Lo que te podría decir principalmente es que me equivoqué todo el año. Cada vez que di pronósticos este año me equivoqué. Esperábamos una caída de consumo, pero veíamos una recuperación, y me vine equivocando en todos los trimestres. Pensaba que al siguiente ya estaría en positivo. No me equivoqué en la pendiente, la dirección de la pendiente fue correcta pero no la inclinación. La caída fue más pronunciada y la recuperación fue más lenta.

Entonces mientras que yo esperaba que en el segundo trimestre del año ya estuviéramos en positivo, seguimos en negativo. Un mercado entre -5% y -6% a principios de año, a 1% a fin de año. El consumo masivo tardó en recuperarse un poco más que otros, también por cosas positivas; por ejemplo el acceso al crédito y el ahorro, que comienza a aparecer, direccionado hacia la compra de bienes durables o la adquisición de la vivienda.

Estas dos variables, a diferencia de tarifas, ya reconfiguran un escenario de más largo plazo…

Sí, pero el hecho de que exista dinero para invertir en construcción, o para la compra de bienes durables, genera también empleo, riqueza, y la rueda comienza a moverse, es una demanda real. No vemos una gran fiesta, para el año que viene, pero vemos un moderado crecimiento, lo que hace más importante nuestra gestión.

¿Cuándo habrá crecimiento real, más allá del rebote?

Creo que en 2019 el mercado estará en los niveles de 2015.

¿Cómo impactan en ese escenario las reformas que lanzó el Gobierno?

Me impactan de la misma manera que están planteadas: gradualmente. Está bien, pero es gradual. De todas maneras, la compañía tiene acá 91 años, 25% de ese tiempo el país ha estado en crisis, y nunca dejamos de invertir, estos cambios a nosotros no nos cambian nada.

Pero imagino que sí tendrá algún peso el “costo argentino”.

Argentina es un buen negocio, siempre lo ha sido y lo va a seguir siendo, lo que pasa es que el camino es muy incómodo. El trayecto es a los saltos. Pero nunca dejamos de invertir, no porque seamos buenos, sino porque en el mercado y desde Argentina se ha exportado y se sigue exportando a 40 países desde esa planta. ¿Lo haremos en los próximos 30 o 40 años? Probablemente sí, con algunos baches en el medio, porque hoy no somos tan competitivos como solíamos serlo, y eso tiene que ver con el costo argentino.
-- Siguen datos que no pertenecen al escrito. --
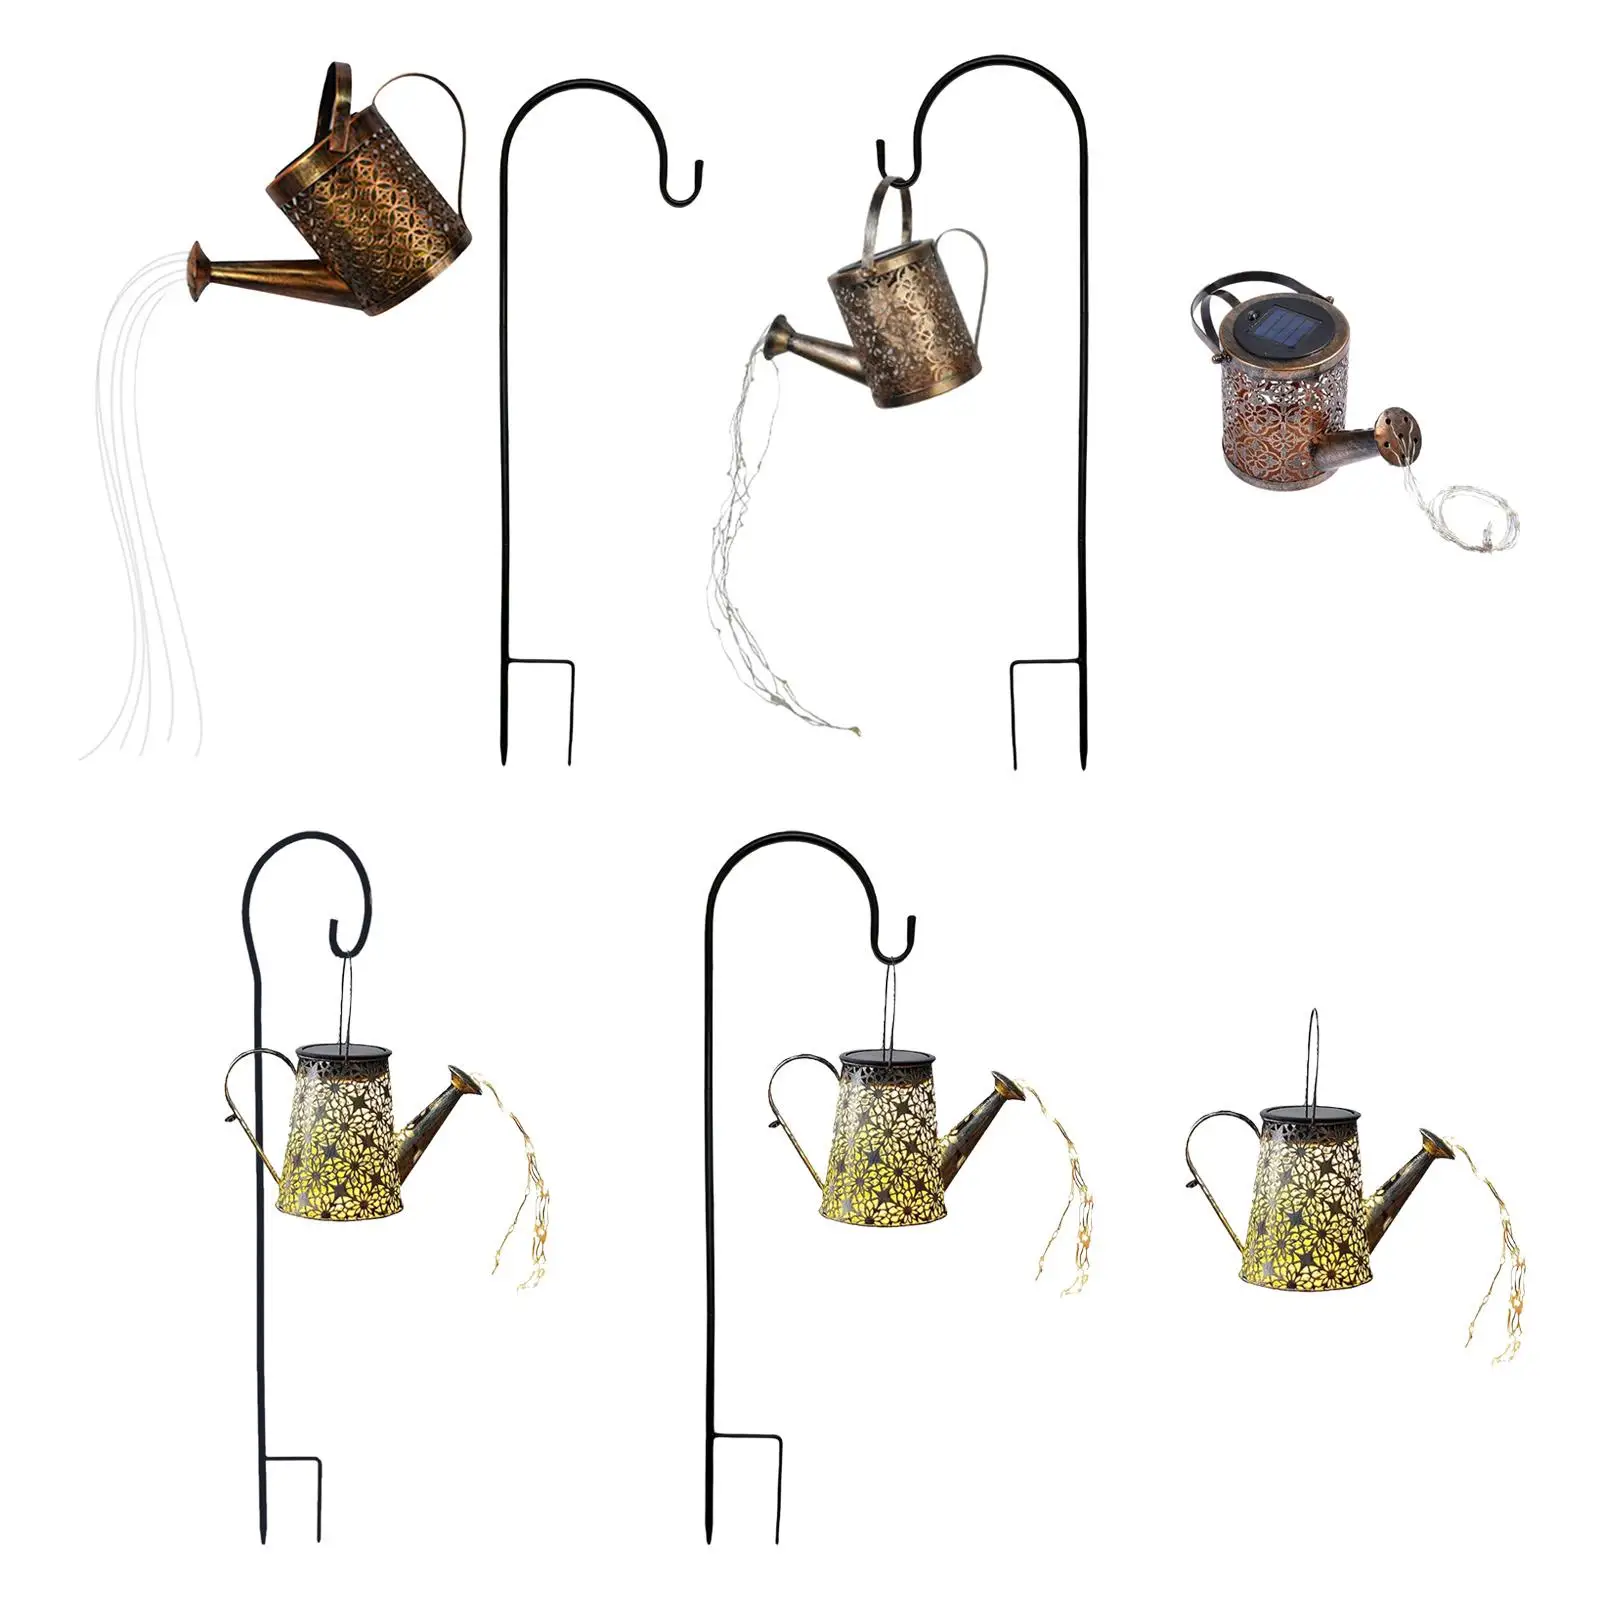 Outdoor Solar Watering Can Lights Lantern Lamp Hanging Kettle Lantern Light Ornament for Walkway Porch Lawn Pathway Patio
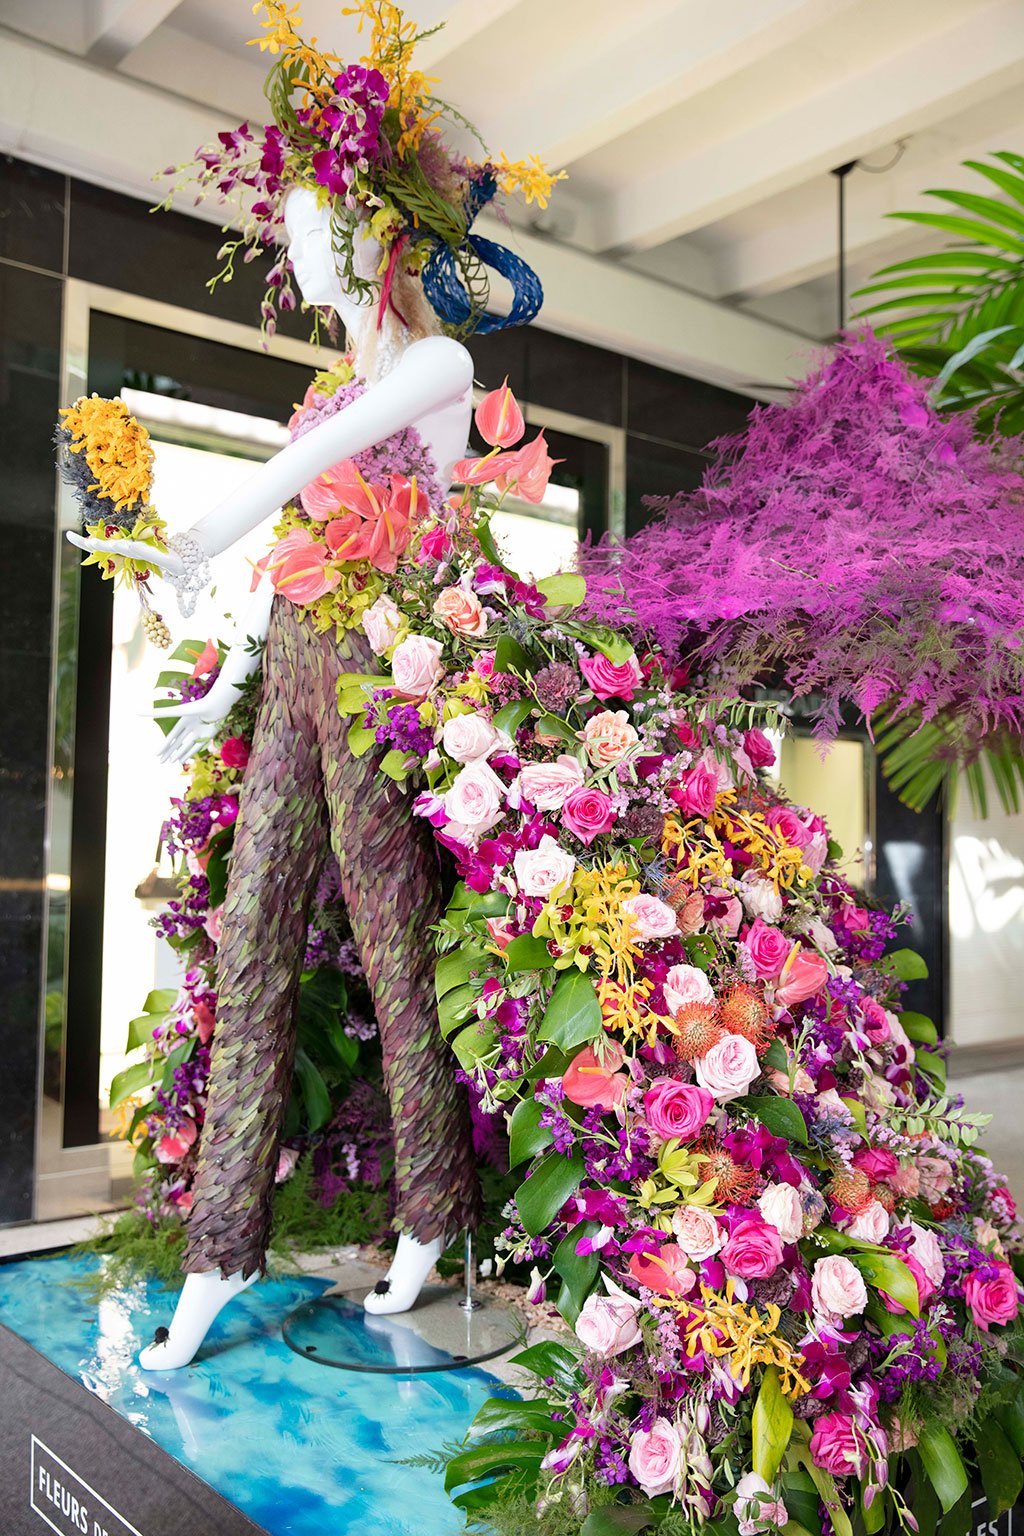 Fisher Island Gives Mannequin Created by Hayal Flowers. Photo by Theodora Richter

Tenés la teoría de que, más allá de los impuestos, se puede ser competitivo con salarios altos.

Yo estoy de acuerdo con los salarios altos pero requieren mucha inversión y automatización, básicamente, la búsqueda de mejoras permanentemente, la búsqueda de eficiencia. En Argentina es necesario tener esa discusión. Y, de nuevo, no tiene que ver con bajar los salarios, sino con ser más productivos.

¿Cómo ves el proyecto puntual de la reforma laboral?

Lo veo pequeño. Al no discutir los convenios colectivos de trabajo, en esta discusión particular tener que hacerlo por industria va a llevar más tiempo. Estoy muy de acuerdo con que comience esta discusión y creo que la reforma laboral que se está proponiendo es correcta, va a formalizar a una buena parte de la economía, va a generar más trabajo. Pero nos quedan unos lugares que no han sido discutidos y que tienen que ver con la flexibilidad, con los convenios colectivos de trabajo, con cómo mejoramos el ingreso de las personas y a la vez el nivel de productividad.

“Argentina es un buen negocio, siempre lo ha sido y lo va a seguir siendo, lo que pasa es que el camino es muy incómodo”.